**Work required**
Give the data again exactly, without images.

**Data section**
============
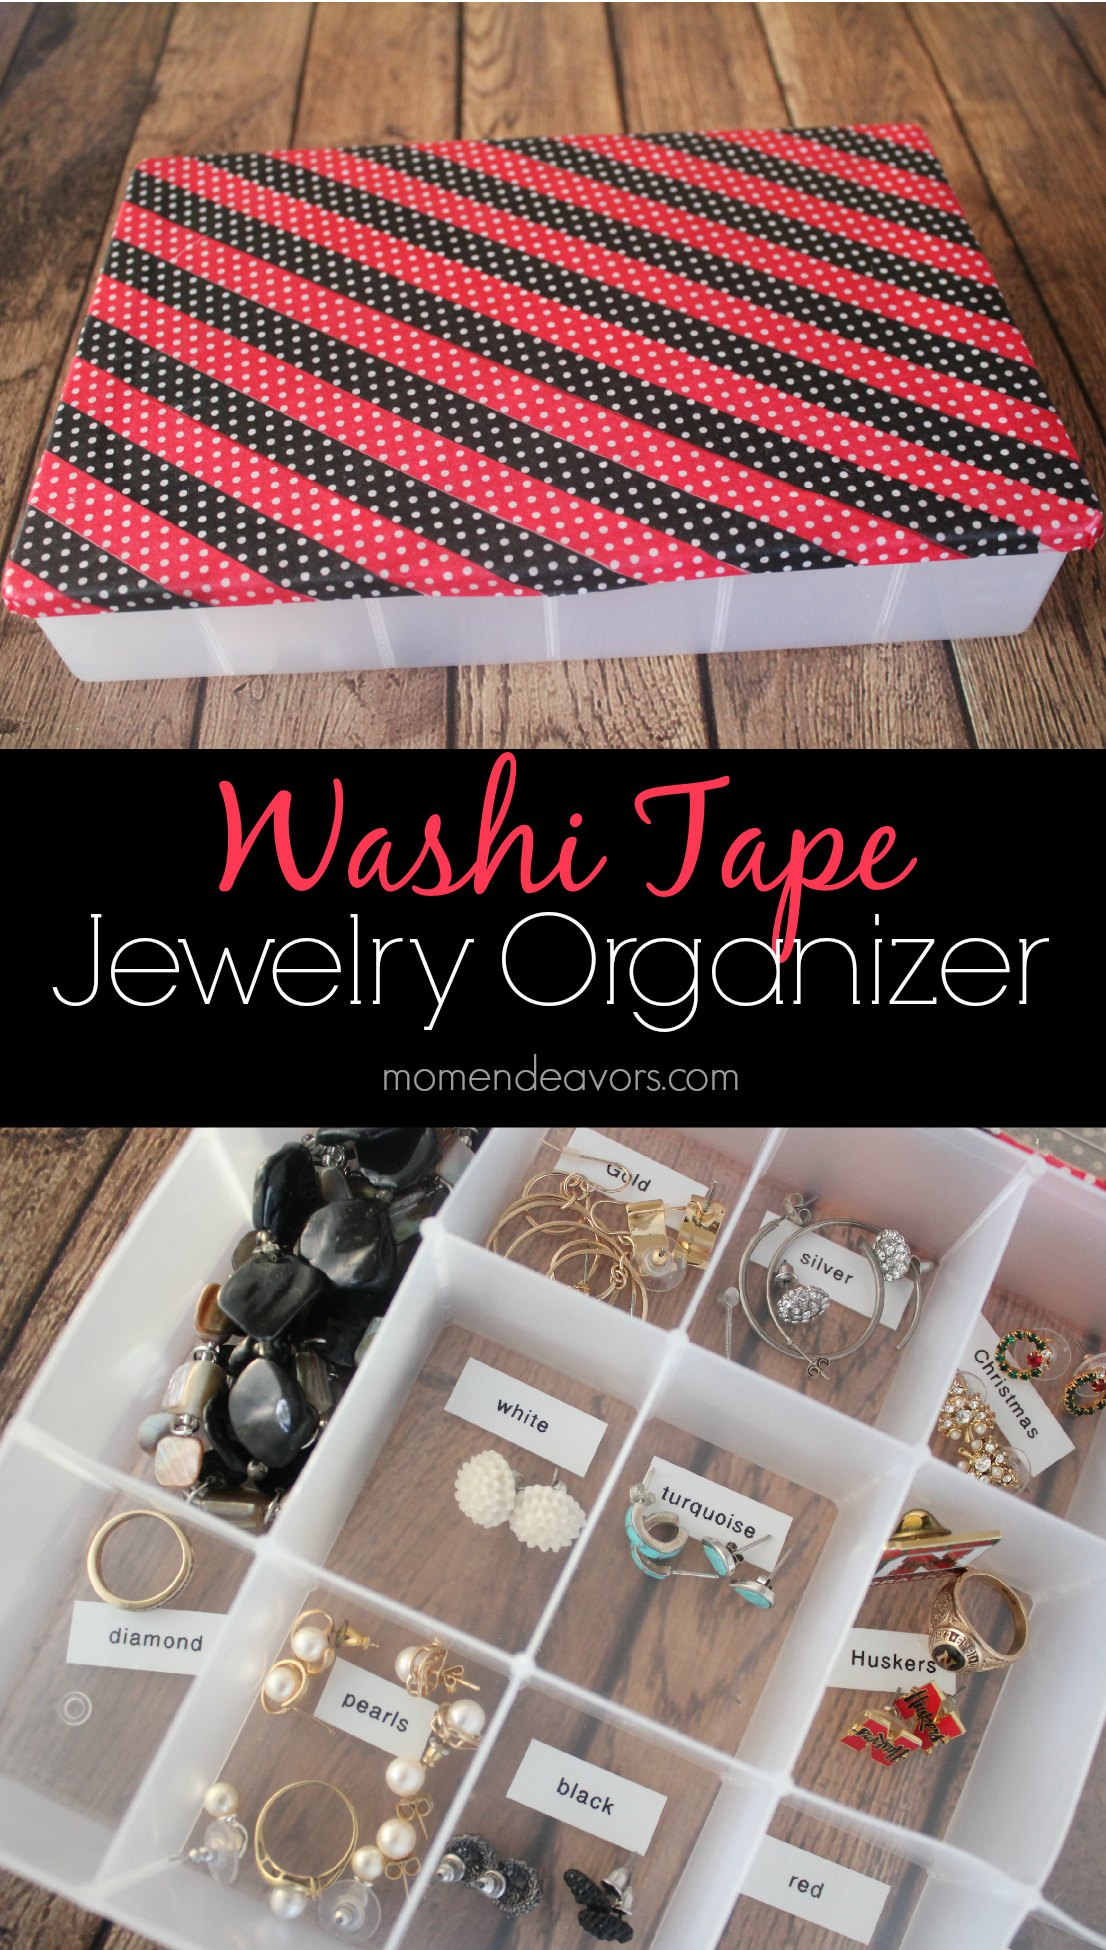 Washi Tape Jewelry Organizer
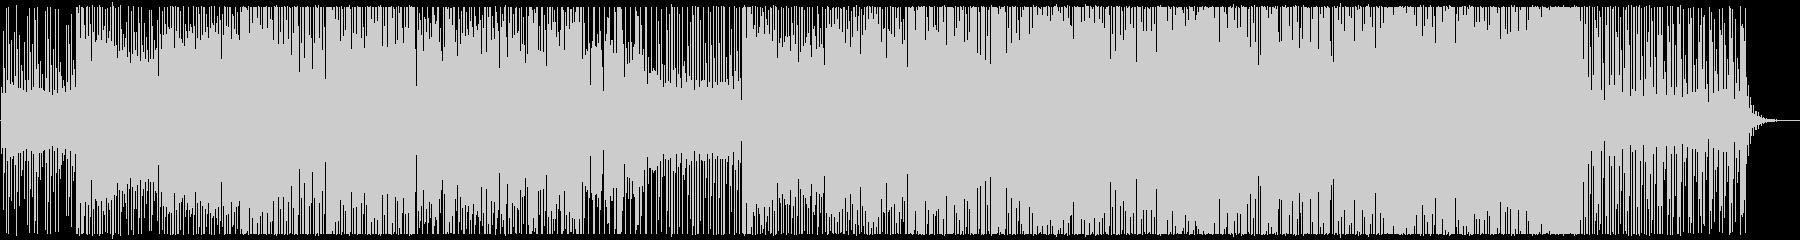 シンセの旋律が印象的な、ほのぼのとした曲の未再生の波形
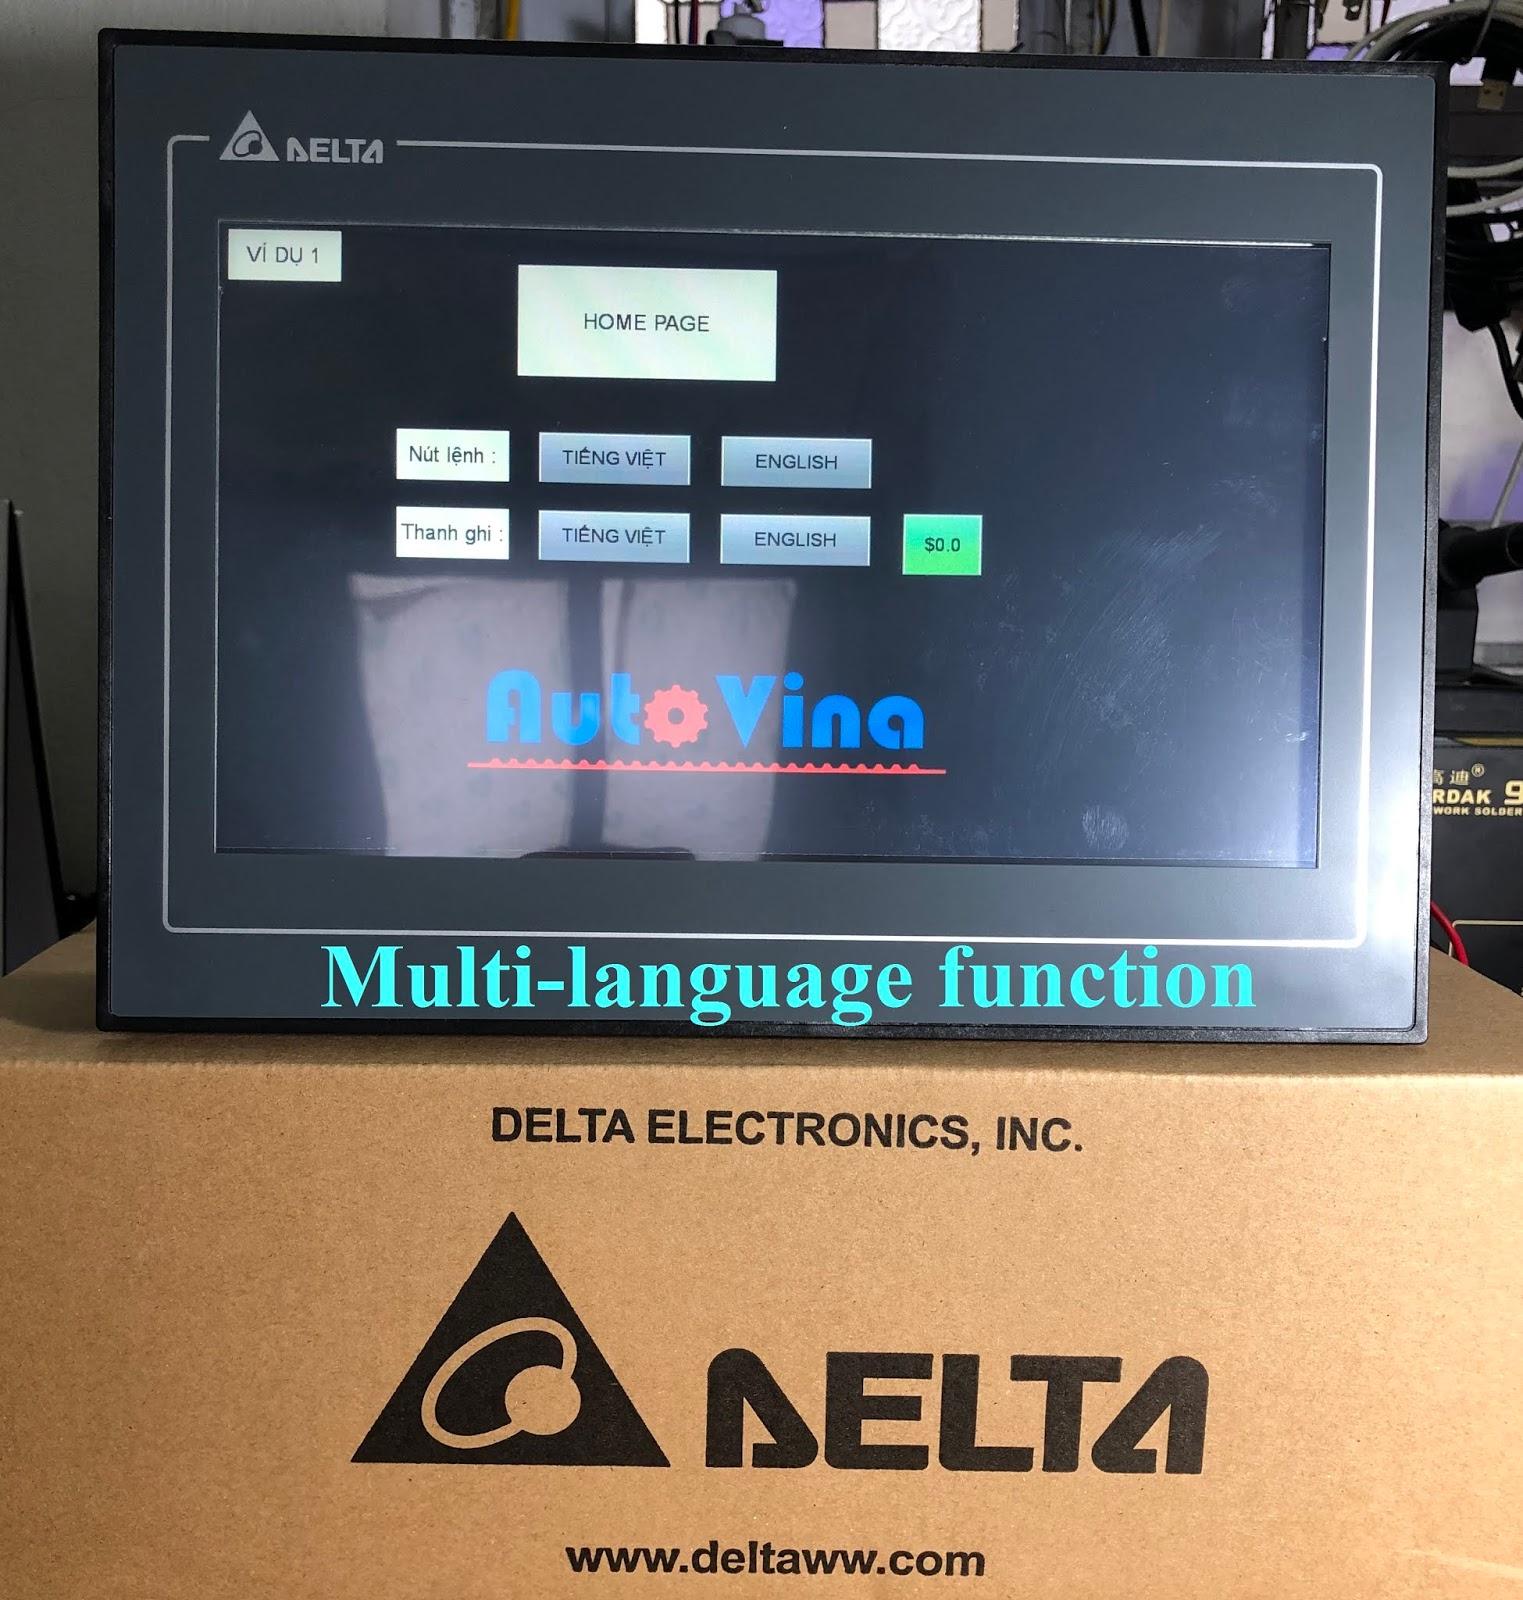 Hướng dẫn lập trình HMI Delta DOP-110CS hiển thị nhiều ngôn ngữ cho người sử dụng
============
**Result for this task**
 Washi Tape Jewelry Organizer
 シンセの旋律が印象的な、ほのぼのとした曲の未再生の波形
 Hướng dẫn lập trình HMI Delta DOP-110CS hiển thị nhiều ngôn ngữ cho người sử dụng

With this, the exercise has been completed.